Question

Nitrogen forms \[{{\text{N}}_{\text{2}}}\] but phosphorus is converted into \[{{\text{P}}_4}\] from \[{{\text{P}}_2}\]. The reason or this is:
A.Triple bond is present between phosphorus atoms.
B.${{p\pi - p\pi }}$ bonding is weak
C.${{p\pi - p\pi }}$ bonding is strong
D.Multiple bonds are formed easily.

Answer 1

Hint: The nitrogen belongs to the second period with the second shell being the valence shell, while the phosphorus belongs to the third period with the third shell as the valence shell. It has a 3d orbital.

Complete Stepwise Solution:
As per their group numbers, both nitrogen and phosphorous have five electrons in their valence shell, out of which two electrons are there in the s-subshell while the other three are present in the three ‘p’ orbitals are lone or single unpaired electrons as per the Hund’s rule.

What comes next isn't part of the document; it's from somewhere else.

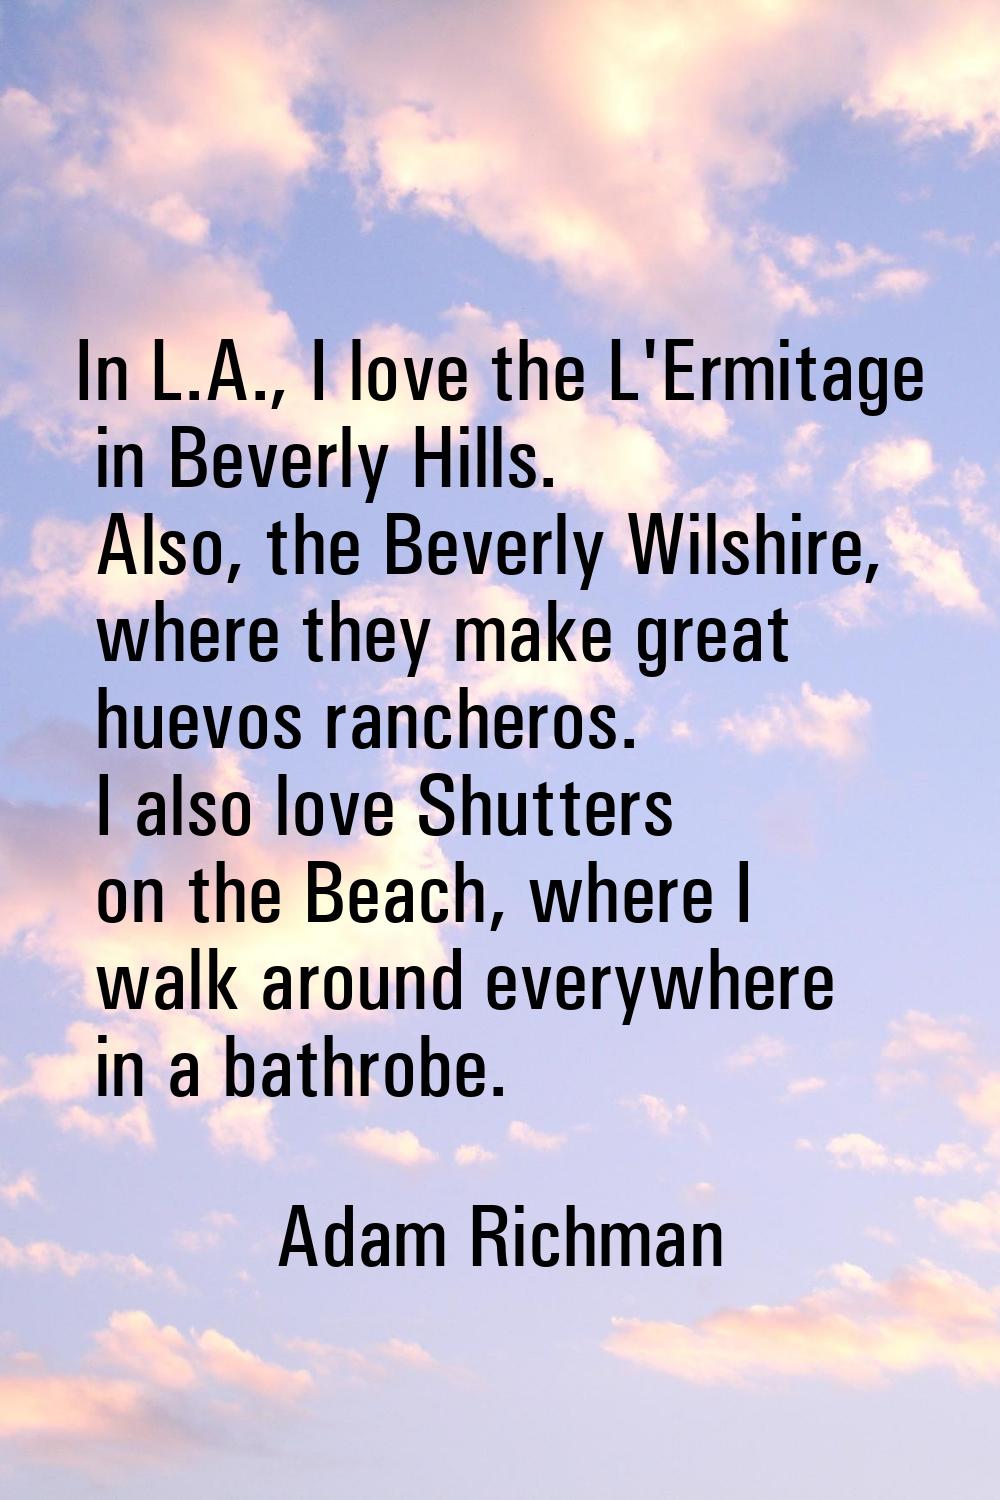 In L.A., I love the L'Ermitage in Beverly Hills. Also, the Beverly Wilshire, where they make great

As there are no more orbitals in the nitrogen atom so the two nitrogen atoms share their three unpaired electrons to form three bonds.
In the case of phosphorus, the case is different. The 3rd orbit has s, p, and d subshells. So the phosphorus atom can accommodate more electrons in the 3d levels that the nitrogen atom cannot do. In the \[{{\text{P}}_2}\] structure, the large orbitals of the 3rd level are inefficient in bonding to the ${{p\pi - p\pi }}$ bonds. So they are unable to triple bond. Hence the \[{{\text{P}}_4}\] structure is preferred over the \[{{\text{P}}_2}\] structure.

Hence, the correct option is B.

Notes: The triple bond of the nitrogen molecule, in which there are two ${{p\pi - p\pi }}$ bonds and a sigma bond, is very stable and is difficult to break. Hence the bond dissociation energy of the nitrogen molecule is very high.